◆ Exercise materials
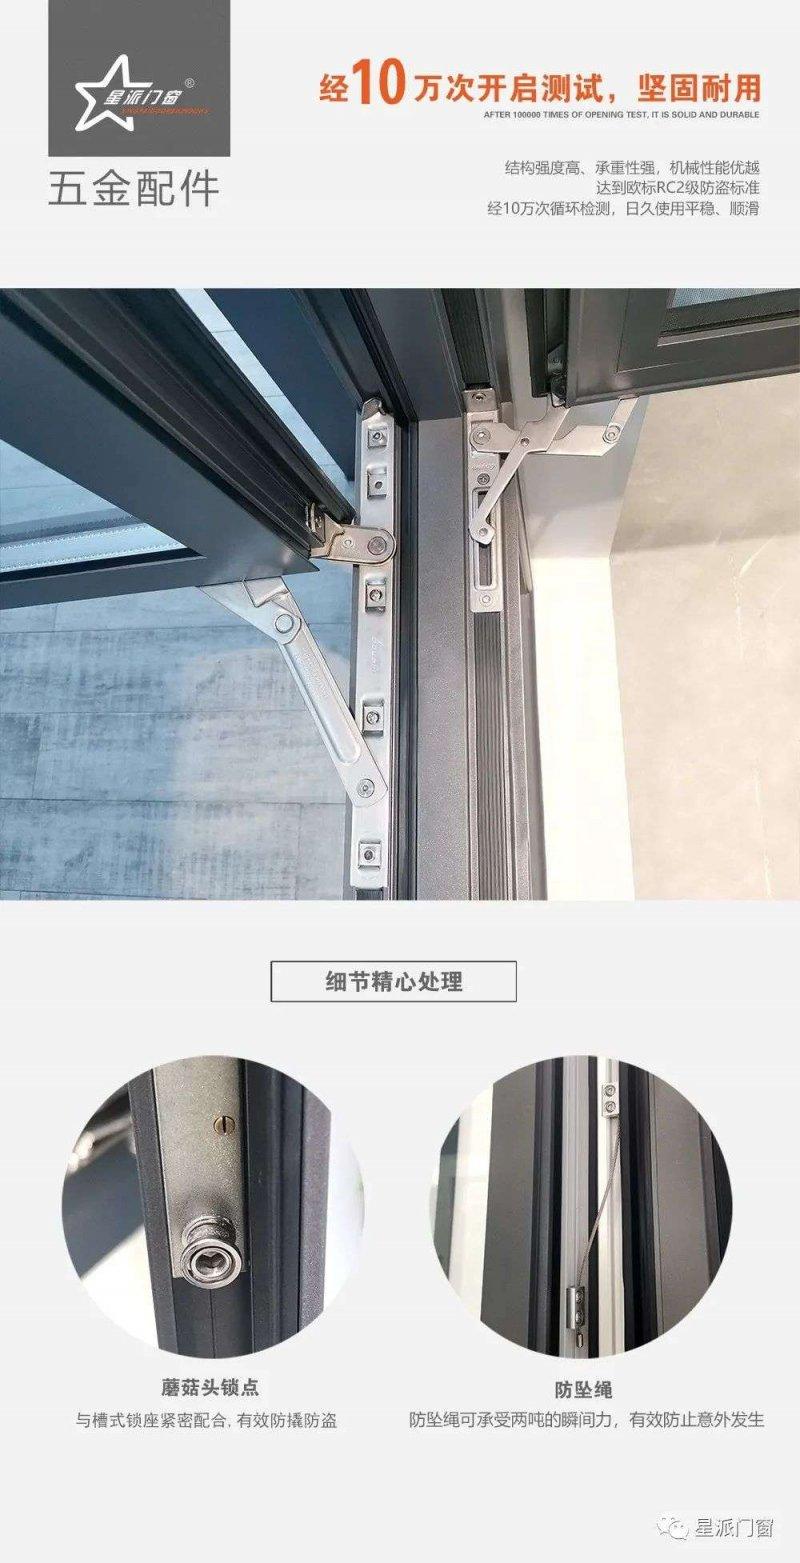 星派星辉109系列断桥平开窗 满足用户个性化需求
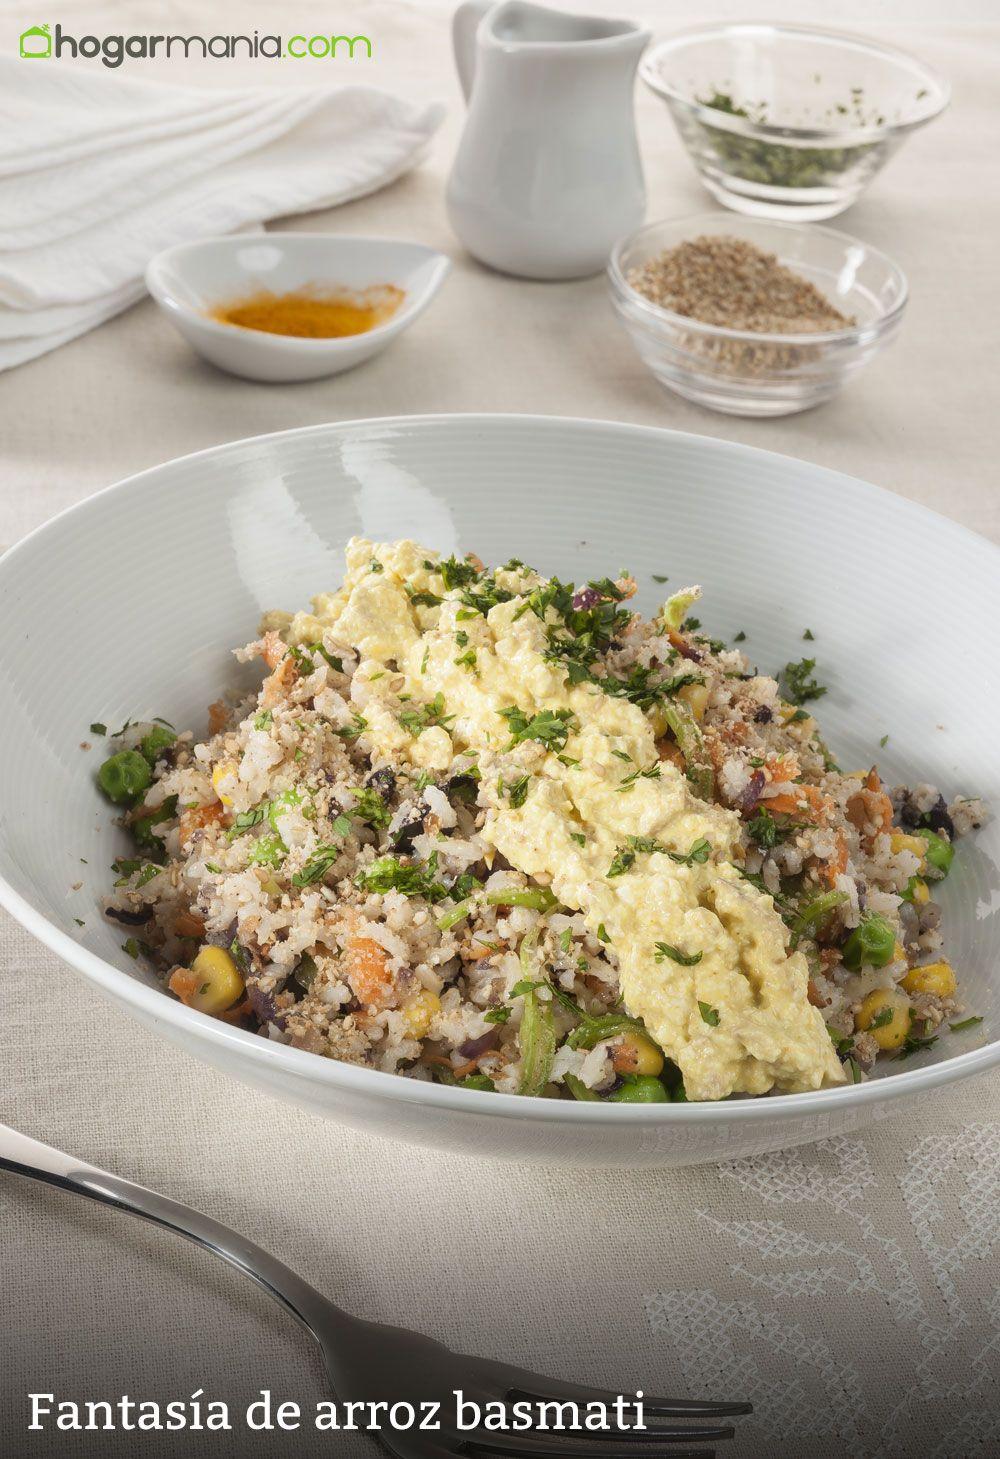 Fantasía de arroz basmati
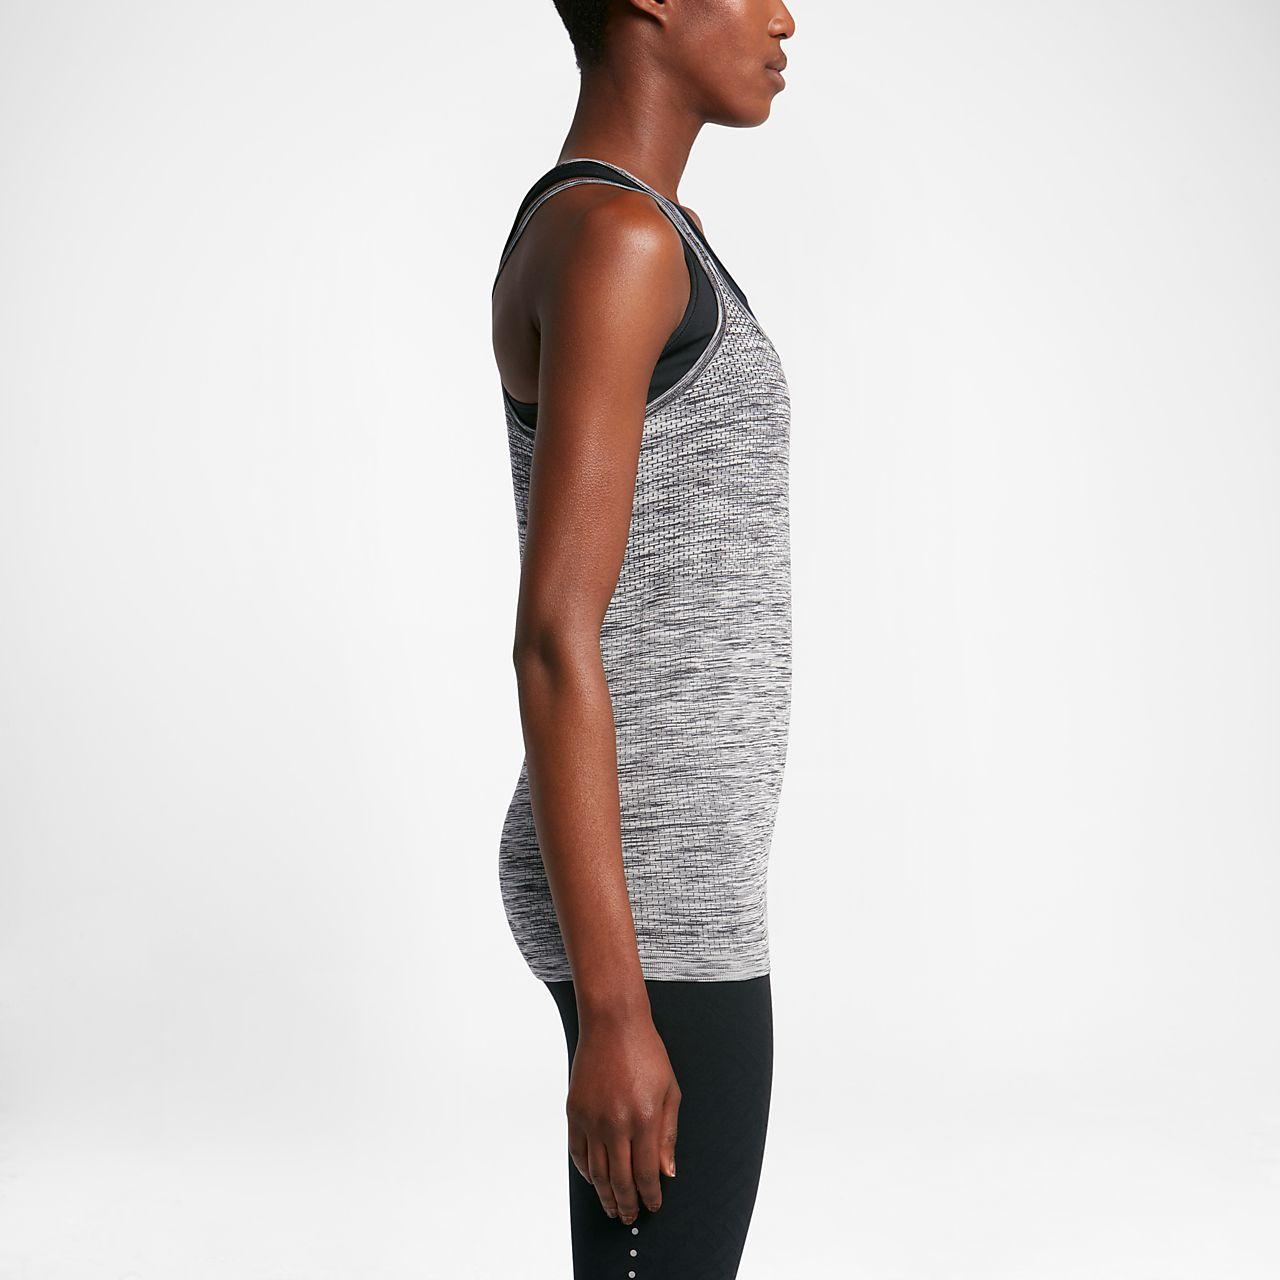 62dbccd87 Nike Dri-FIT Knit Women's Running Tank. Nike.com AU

---

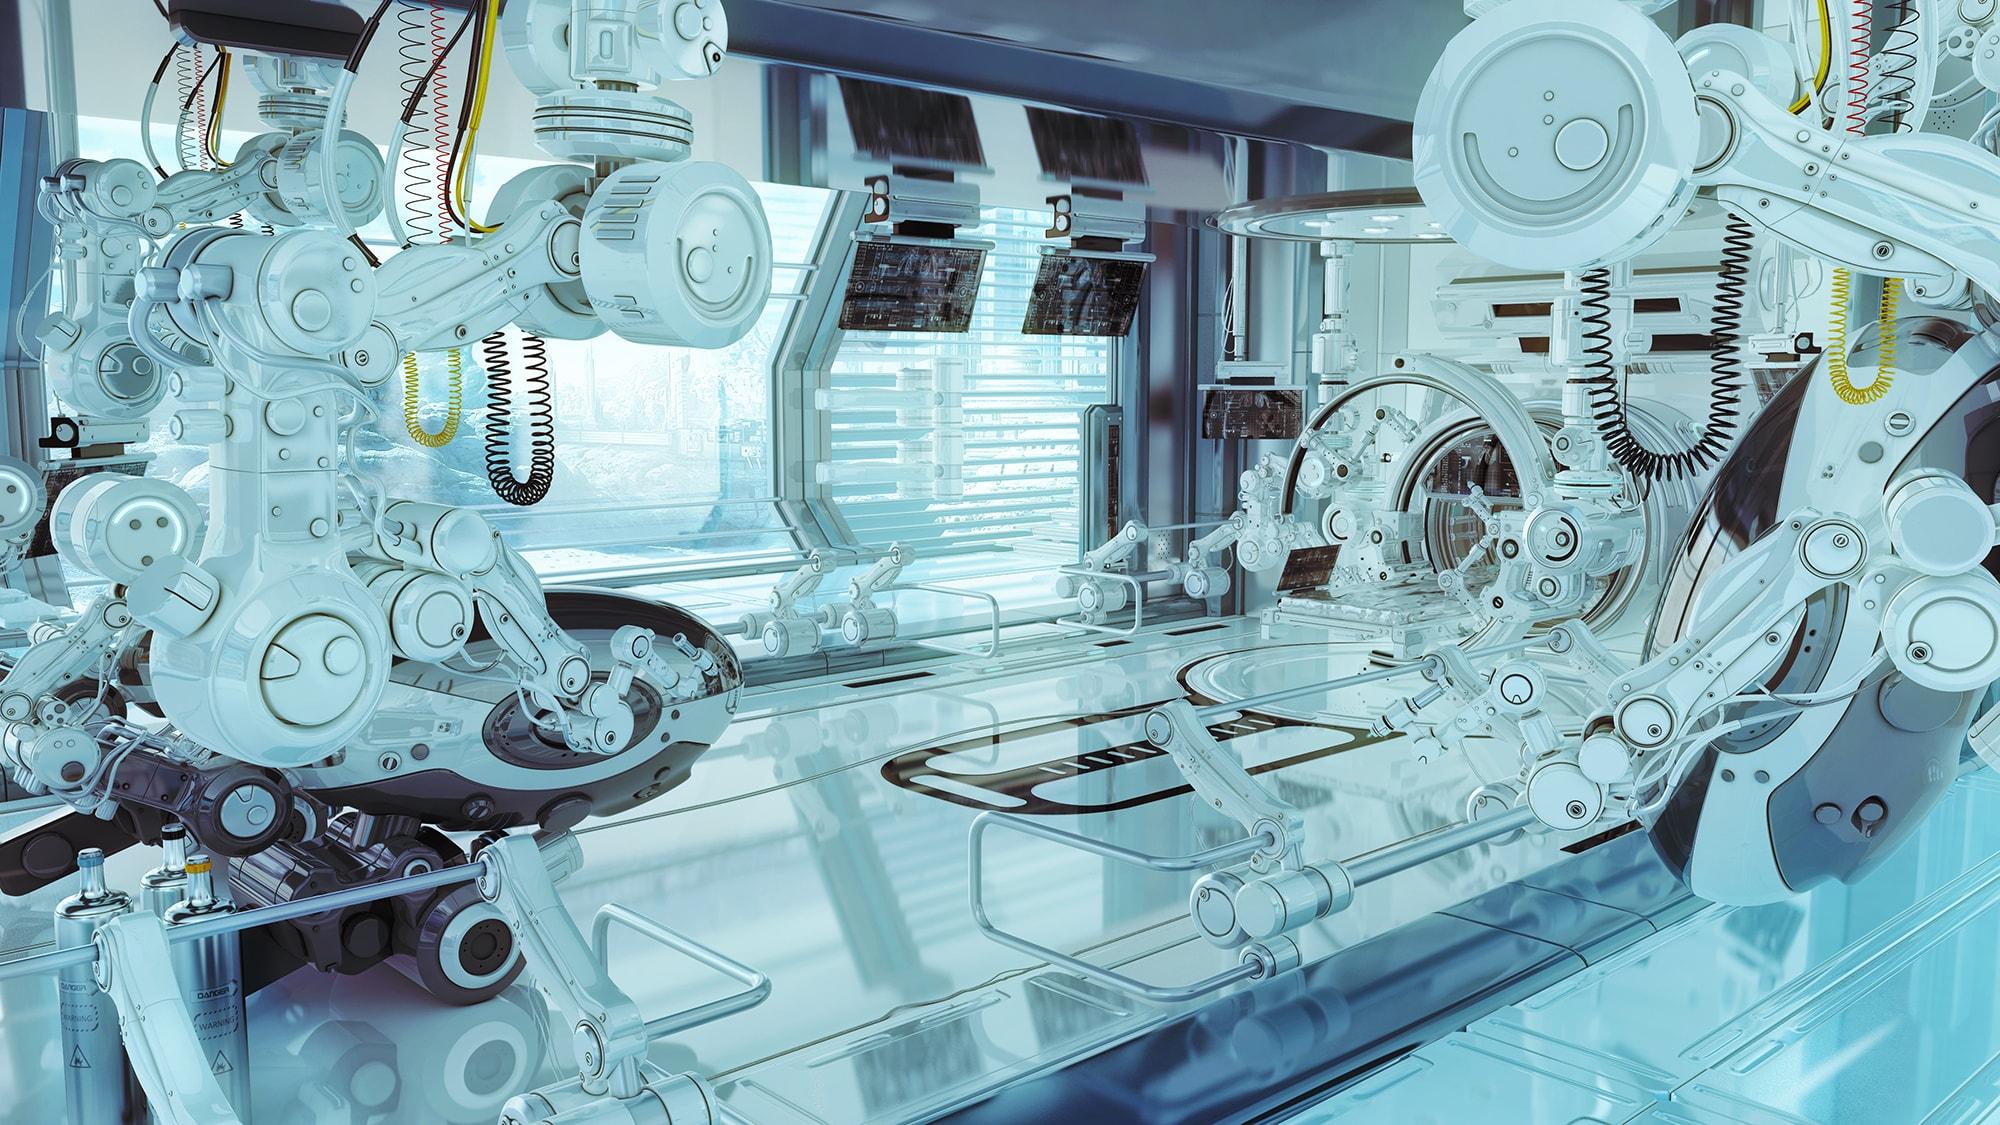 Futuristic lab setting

◆ The problem
Going back to the data above, write out everything from the line with "Fantasía de arroz basmati" down to the line with "62dbccd87 Nike Dri-FIT", both included, leaving every picture out.

◆ Answer
 Fantasía de arroz basmati
 62dbccd87 Nike Dri-FIT Knit Women's Running Tank. Nike.com AU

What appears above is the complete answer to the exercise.